> _Source data_:
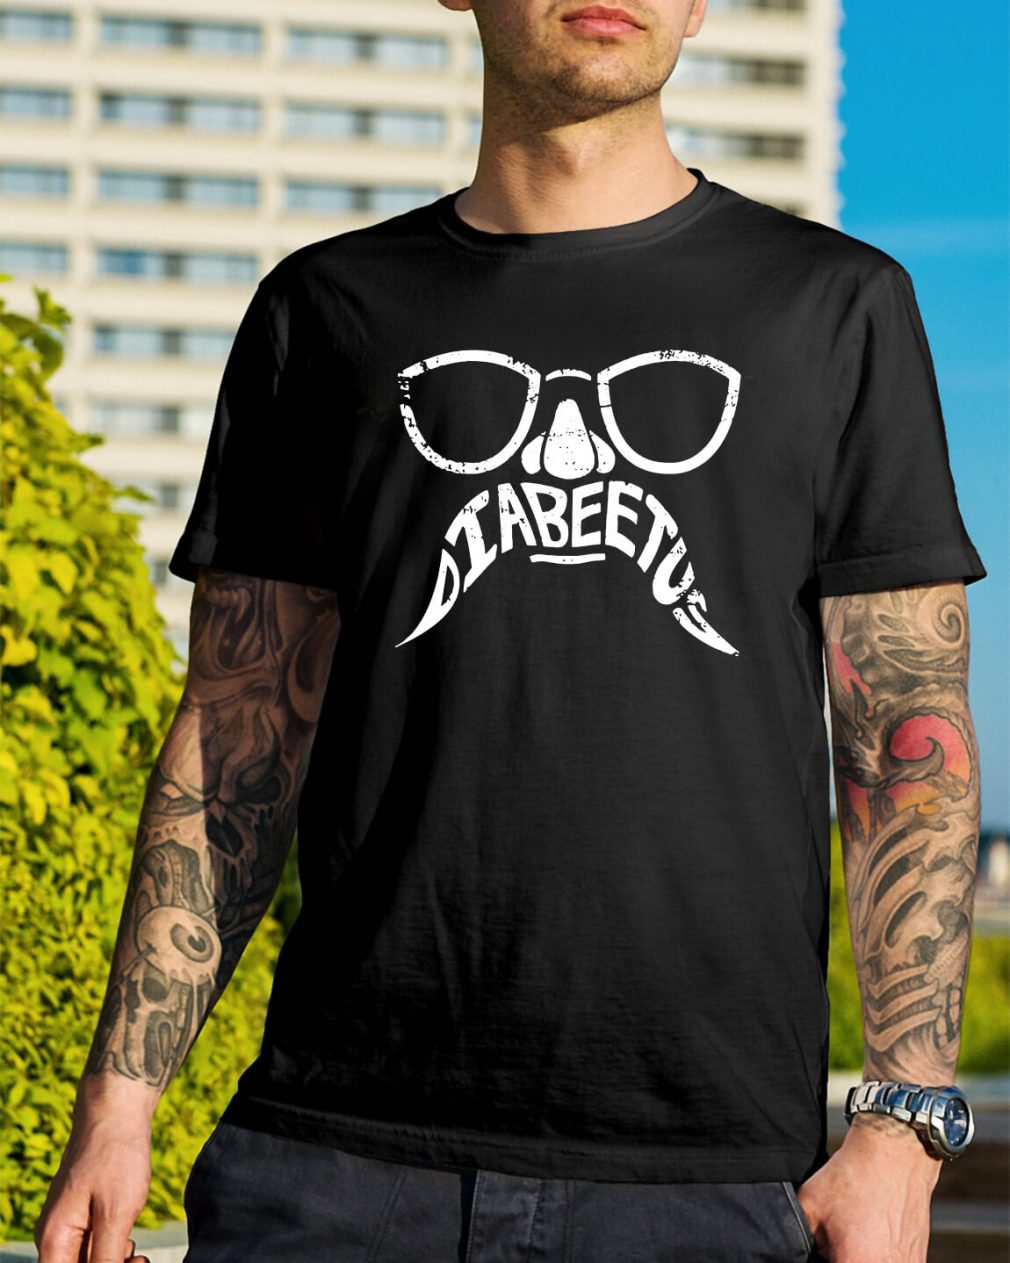 Official Diabeetus shirt
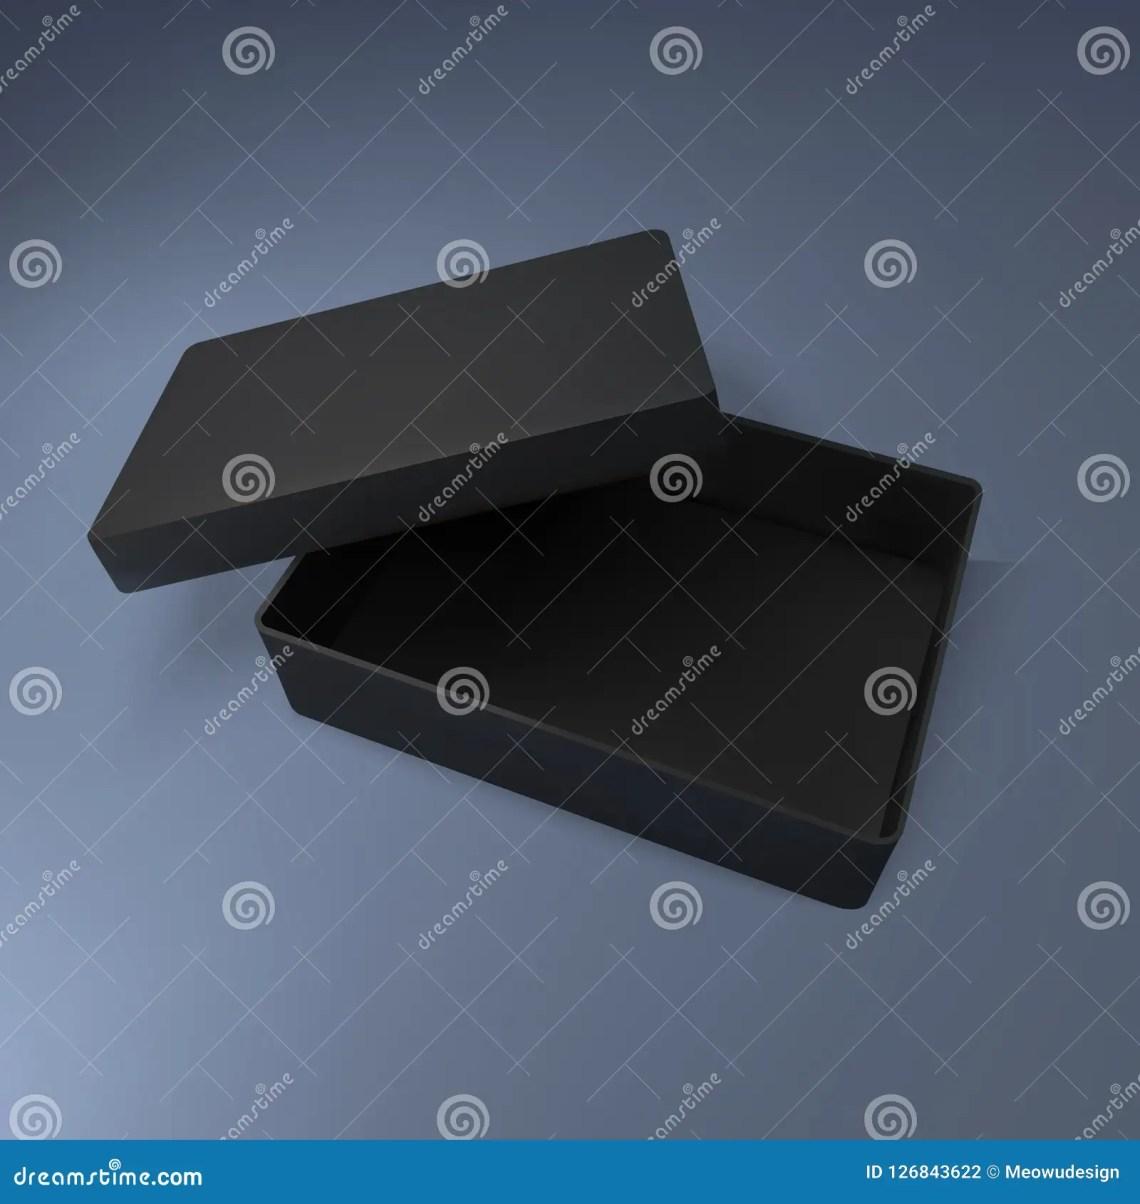 Download Black Box Mockup, Vector Illustration Stock Vector ...
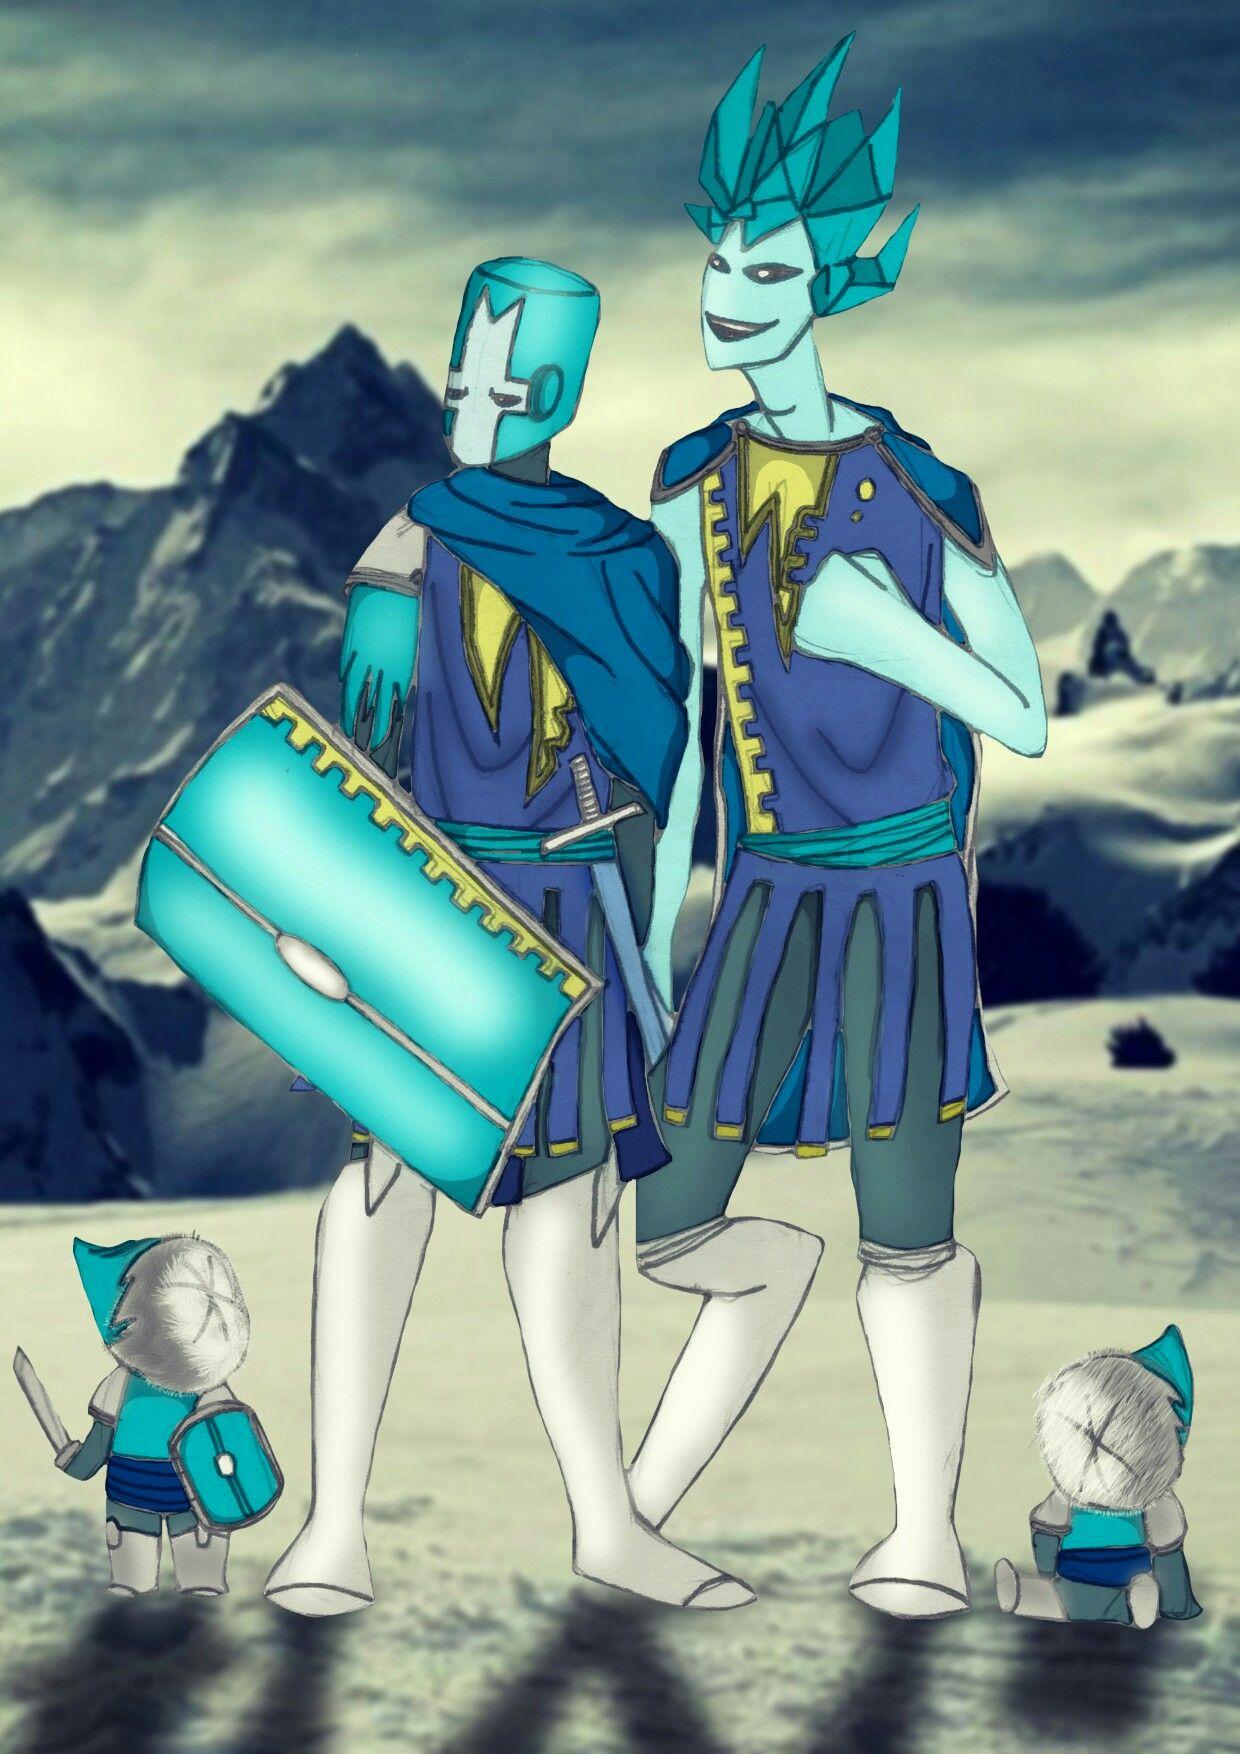 castle crashers blue knight ice knight ice king
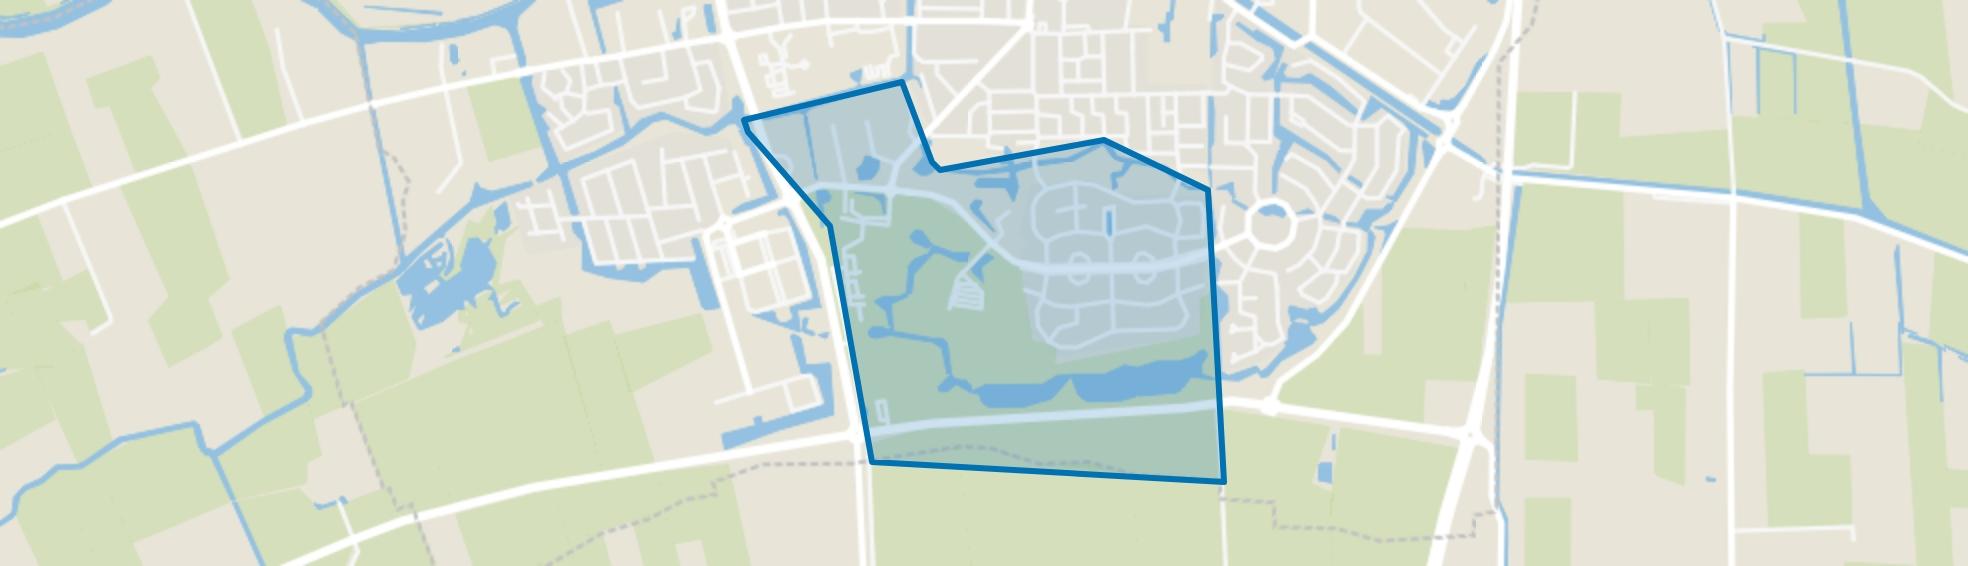 Dokkum Jantjeszeepolder, Dokkum map
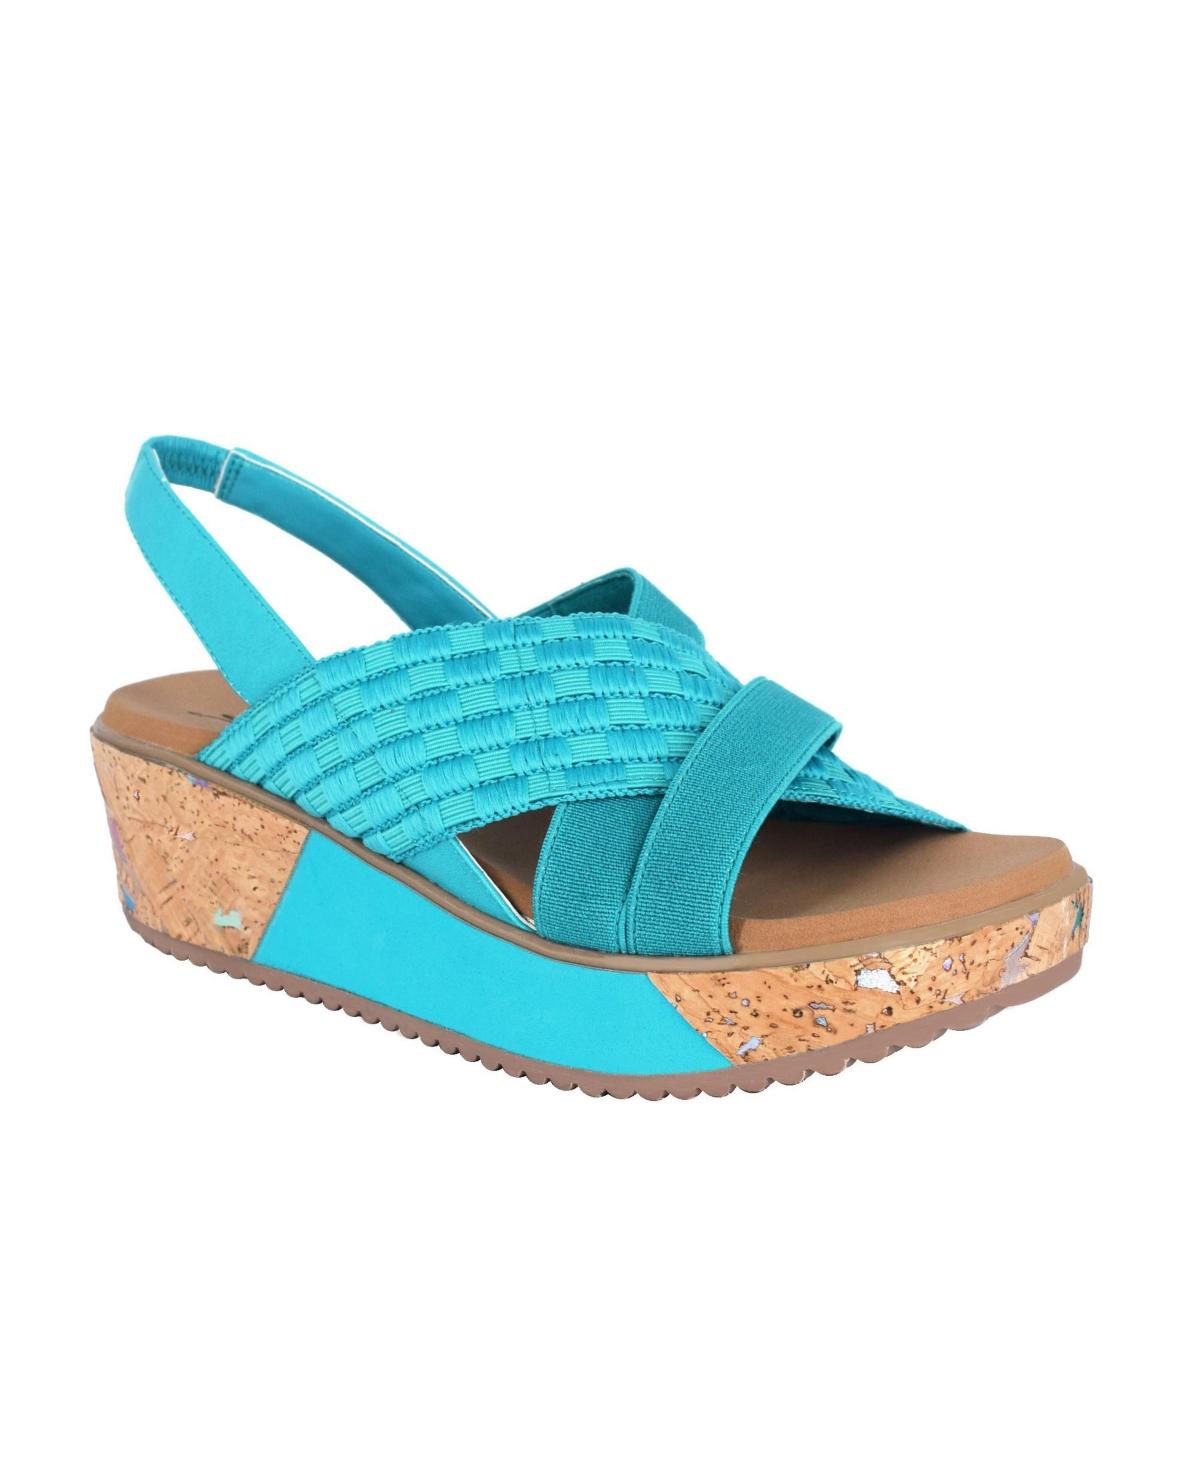 Impo Jolene Platform Sandal Women's Shoes

> _Exercise aim_: Give again, unchanged, only the lines from the line containing "castle crashers blue" to the last line of the records above. Pictures do not belong in the copy.

> _Output for this exercise_:
 castle crashers blue knight ice knight ice king
 Dokkum Jantjeszeepolder, Dokkum map
 Impo Jolene Platform Sandal Women's Shoes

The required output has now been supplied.